++++ SUPPLIED DATA ++++

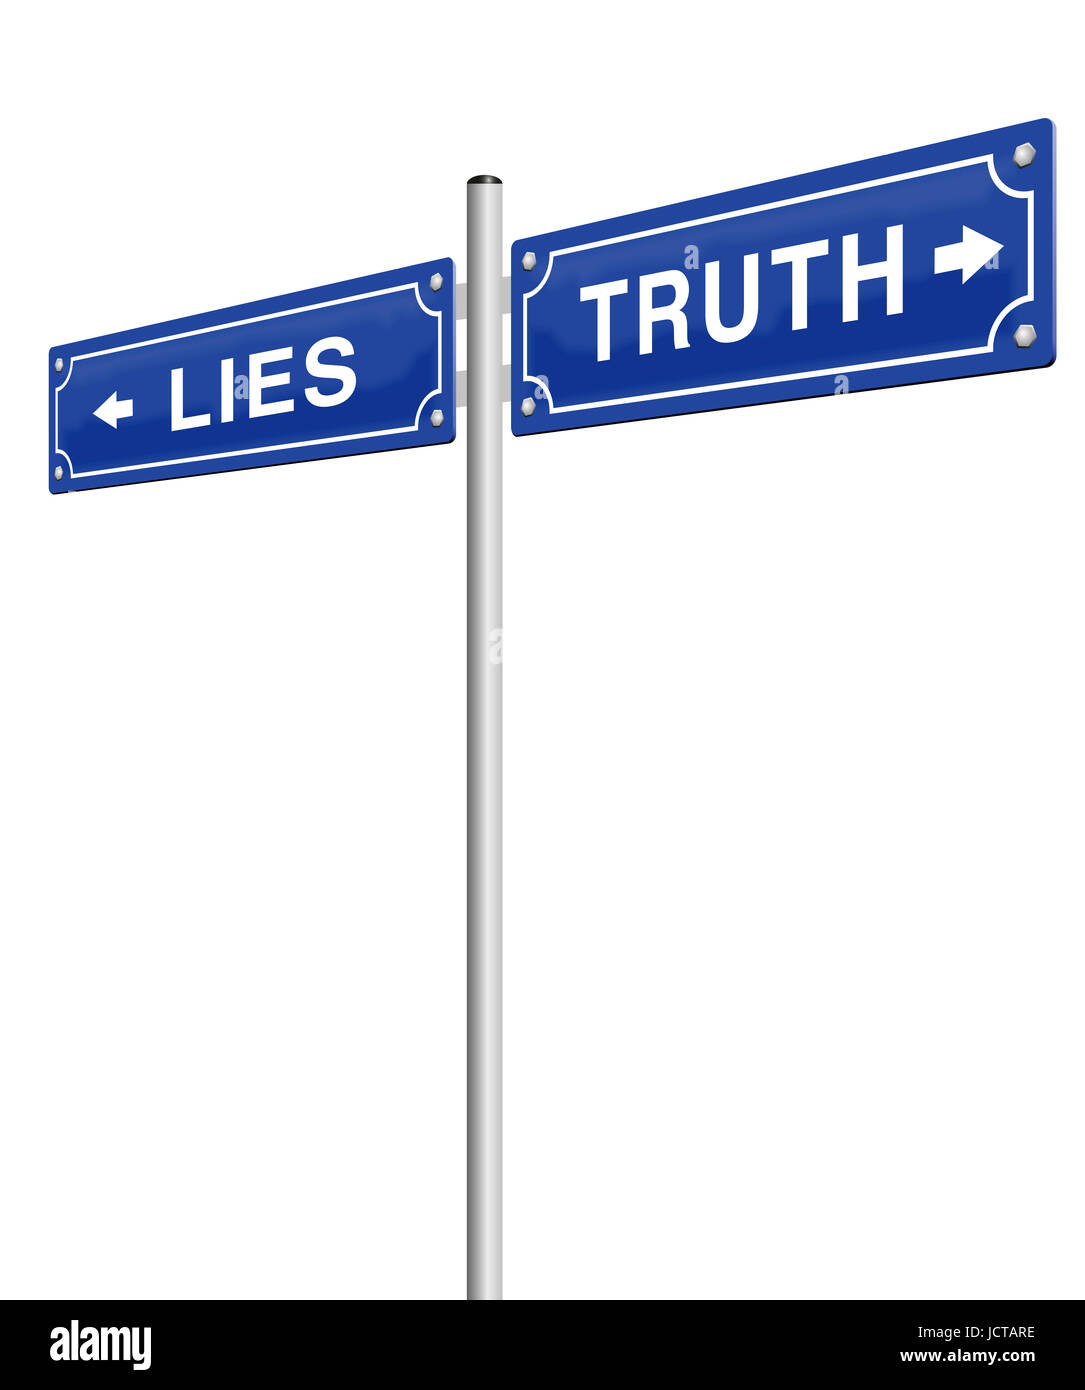 Mentiras verdad calle signo - usted decide la ruta que usted elija, el engaño o la honestidad, fraude o verity, falsos o hechos. Foto de stock
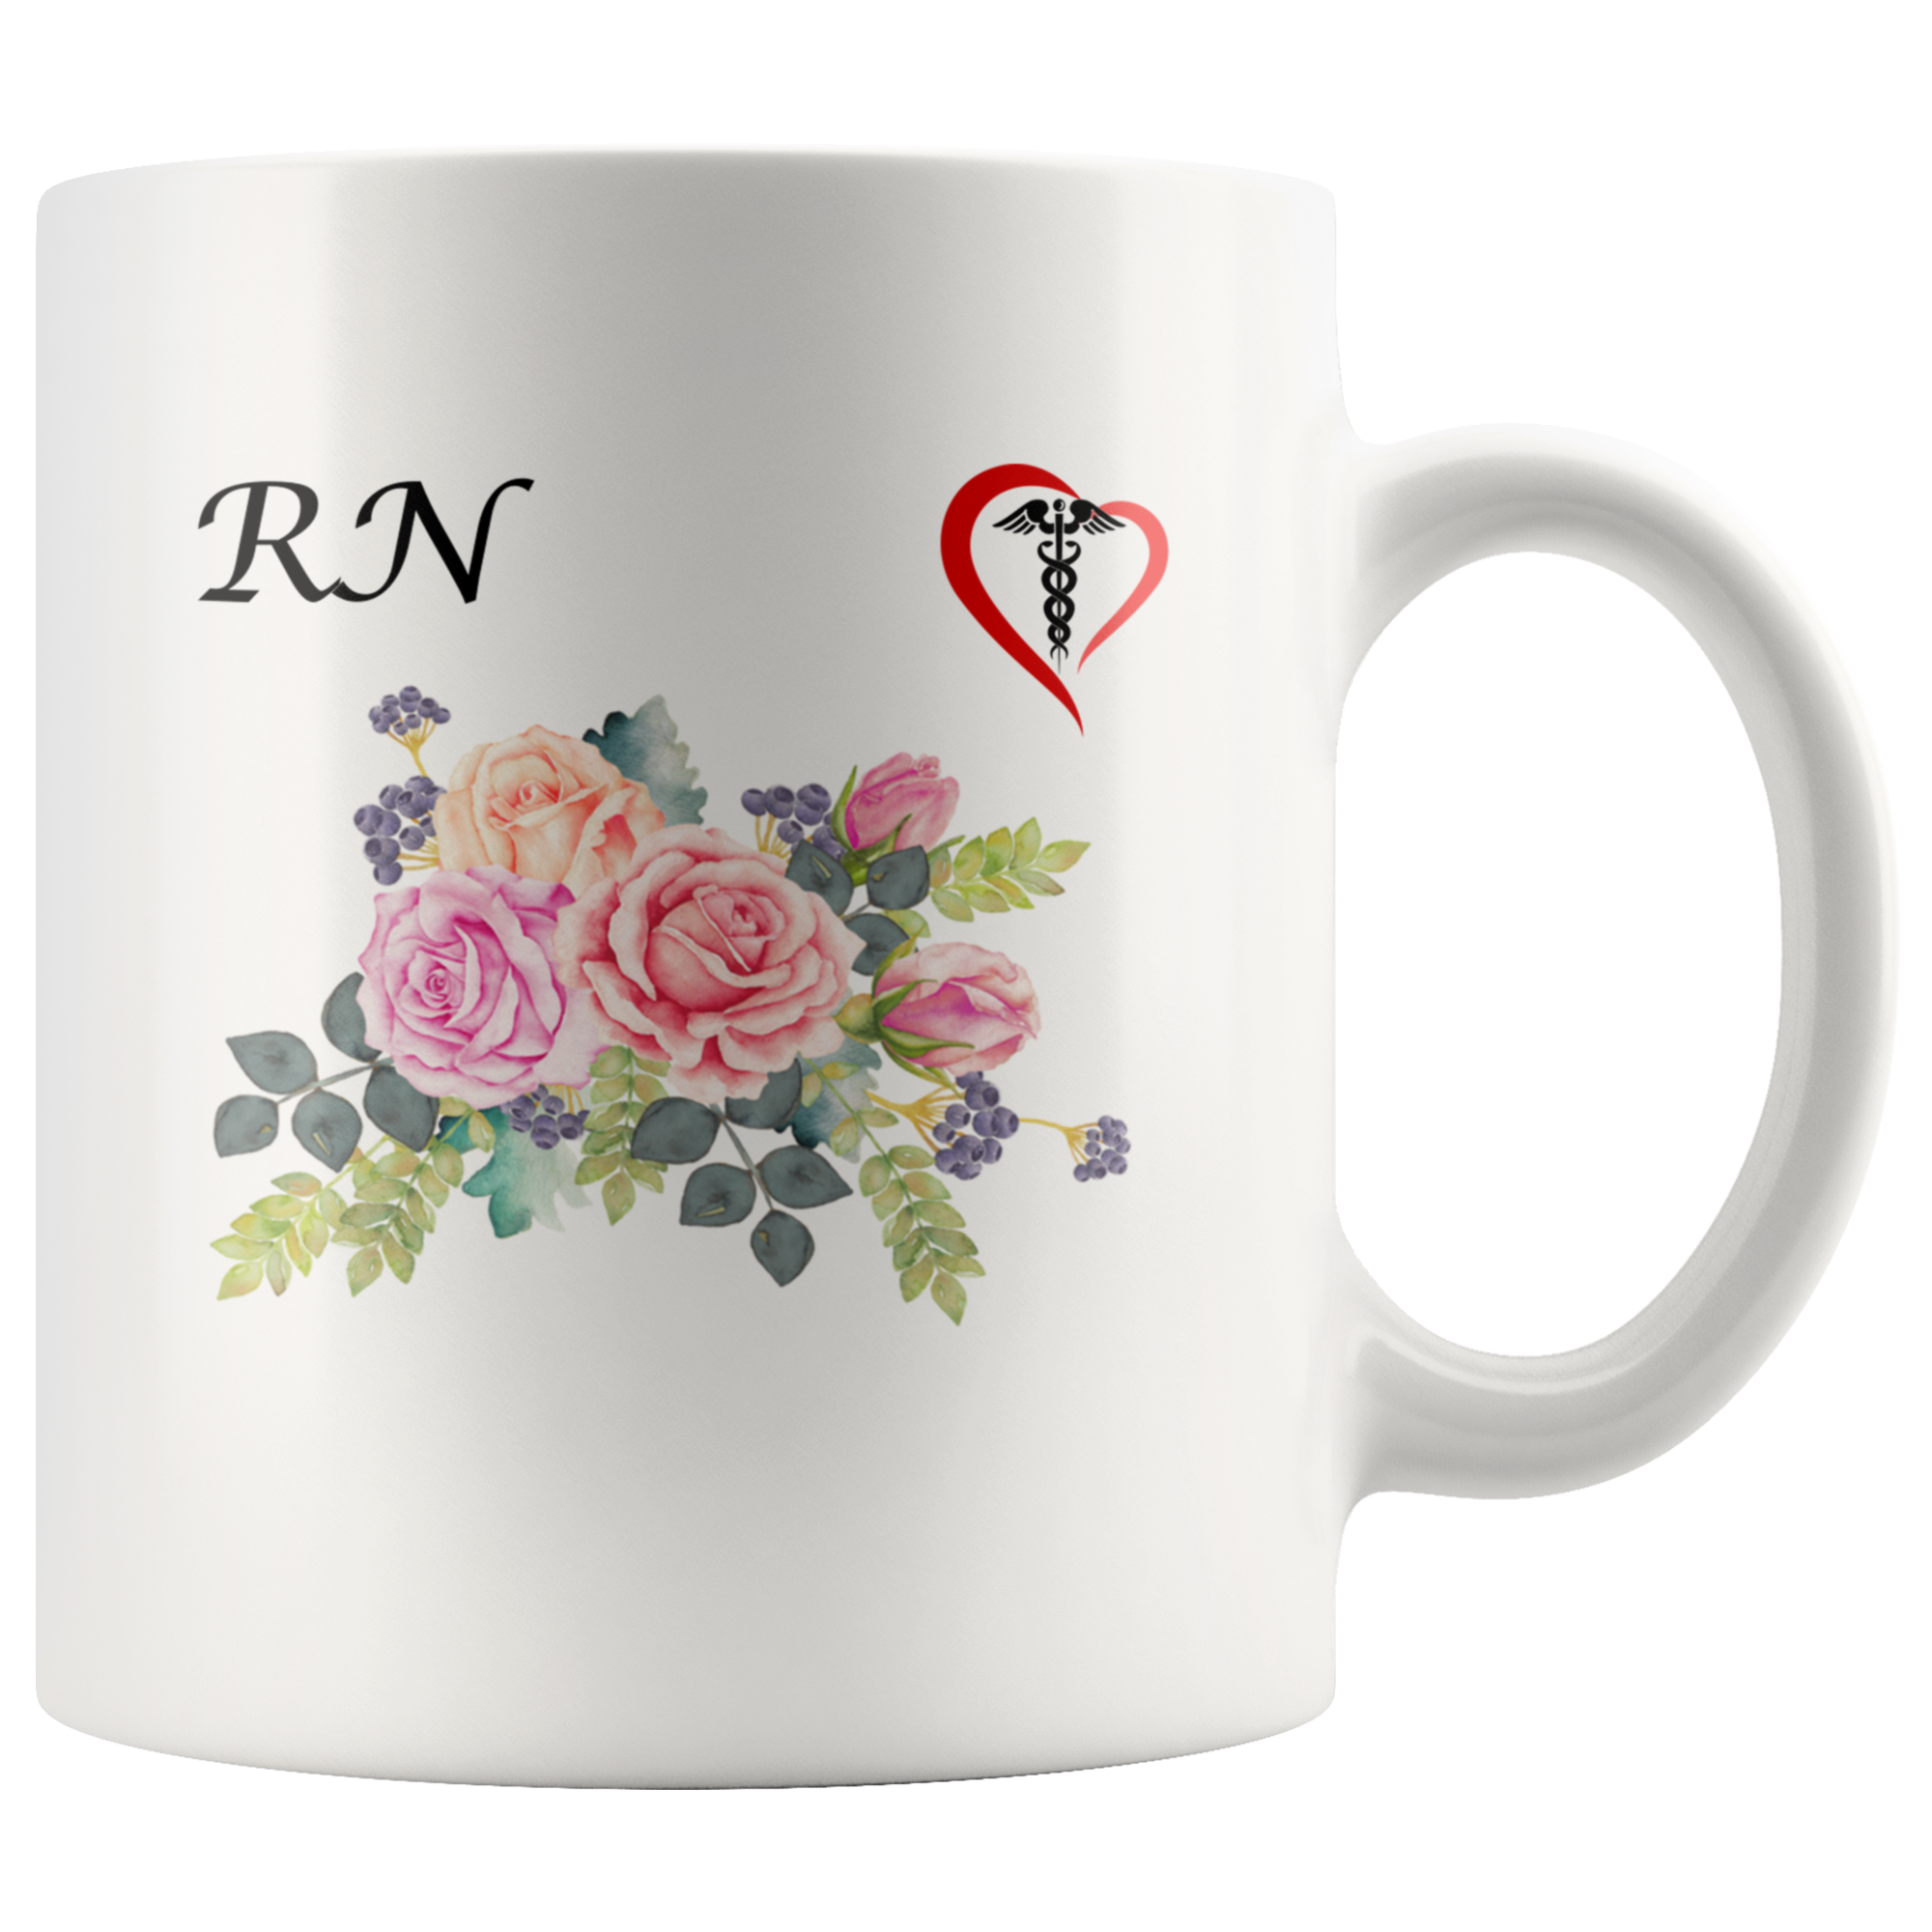 Floral RN Mug
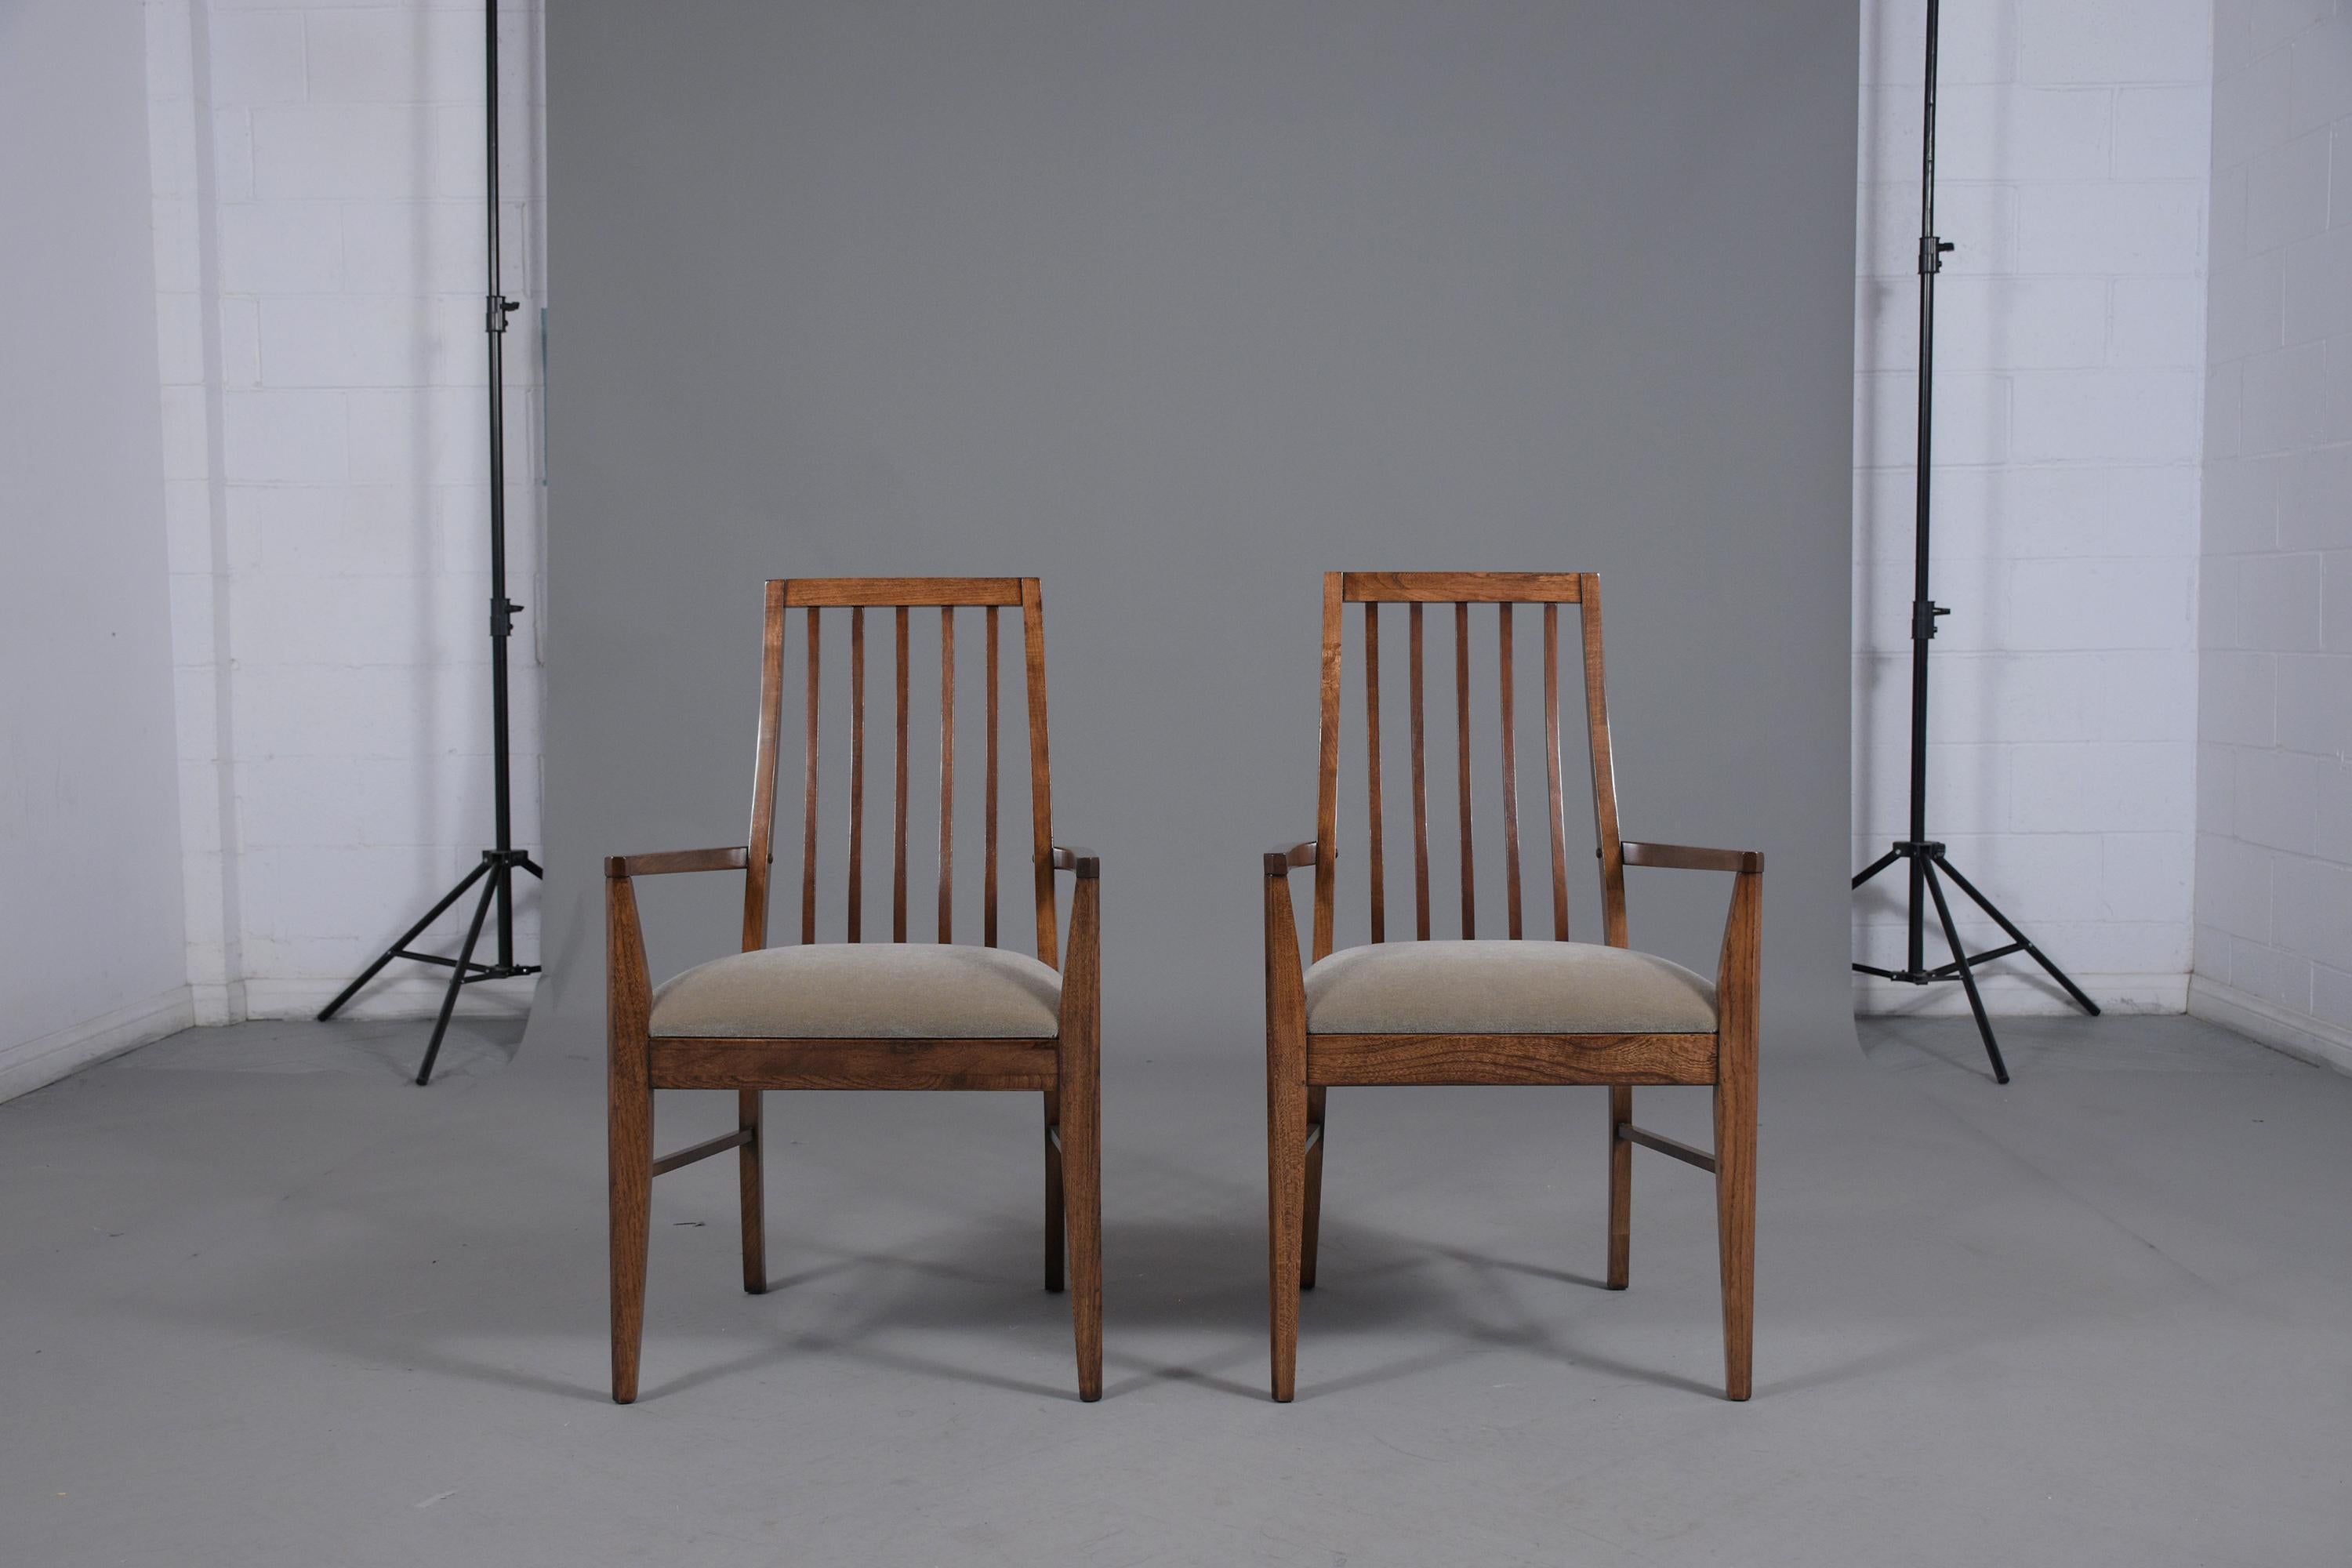 Retournez dans les années 1960 avec notre paire vintage de fauteuils modernes du milieu du siècle, une représentation parfaite du célèbre design et de l'artisanat de l'époque. Fabriquées à la main en bois de noyer, ces chaises ont été remises au

++++

**YOUR OBJECTIVE**
Transcribe the listing verbatim, pictures excluded.

**EXERCISE RESPONSE**
 Mentiras verdad calle signo - usted decide la ruta que usted elija, el engaño o la honestidad, fraude o verity, falsos o hechos. Foto de stock
 Floral RN Mug
 Retournez dans les années 1960 avec notre paire vintage de fauteuils modernes du milieu du siècle, une représentation parfaite du célèbre design et de l'artisanat de l'époque. Fabriquées à la main en bois de noyer, ces chaises ont été remises au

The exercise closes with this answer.